Tuesday, July 08, 2008

High Seas to High Society by Sophia James

Emma Seaton has come to London for the specific purpose of finding Asher Wellingham, Duke of Carisbrooke. When he finally appears at the ball she is attending, she contrives to tumble straight into his arms, slipping on the polished floor and due to a shoe buckle she has carefully loosened beforehand. She seeks a treasure map that once belonged to her father, a pirate, which he had carefully rolled up and hidden in a secret compartment in his cane.

When Wellingham killed her father, he took the cane as a prize, not knowing what it contained. Now, she has come to retrieve it, but she's finding herself attracted to Asher, a complication she cannot afford. He, too, finds Emma intriguing, but knowing that she set up the meeting with him, he also finds himself wondering why she would go to such lengths to meet with him.

But he has his own reasons for hating pirates, as his brother attempted to rescue him when Asher was imprisoned by pirates... Emma's father, in fact, and lost his sight when they were marooned in the jungle for months. It was this that led him to destroy her father. But he little knows that Emma was the supposed "Cabin boy" who helped him escape the first time he was imprisoned.

Thrown together with Asher, Emma finds her heart engaged, and her reason and need for vengeance falling fast to love and passion. But will Asher hate her when he finds out who she really is? And will his family, his brother included, accept her into their fold when they learn her true background and motives? Which will prevail, love or the need for revenge? Well, this is a romance novel after all, what do you think?

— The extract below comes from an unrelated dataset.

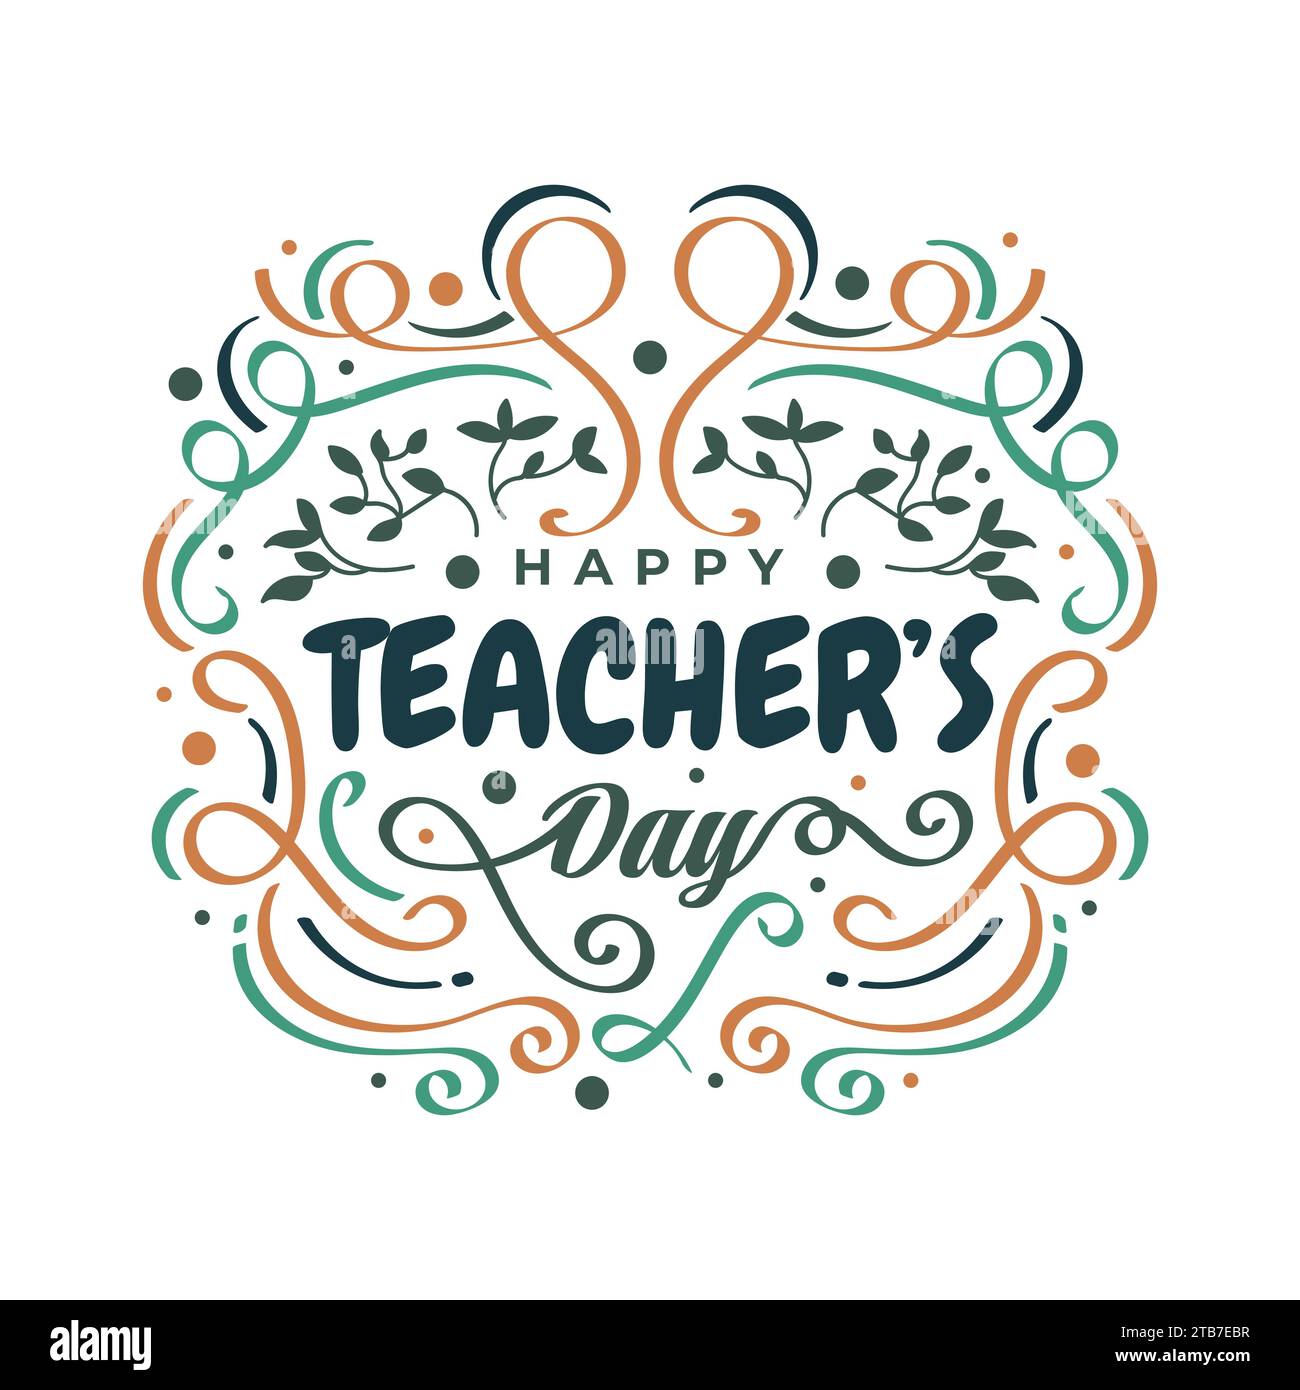  Camisetas para profesoras para mujer, camiseta con texto en  inglés Teach Love Inspire, regalo para el día del profesor, camiseta con  estampado de corazón y amor, camisetas, 1 blanco : Ropa

This was an okay book, which I really picked up because of the cover art that depicts Asher as looking very like Ioan Gruffydd from "Horatio Hornblower". It was only okay in that I didn't really get very into the story and felt detatched rather than invested in the main characters and their wants and needs. So I don't have much to say about it either way, positive or negative. Again, an okay book, but nothing special.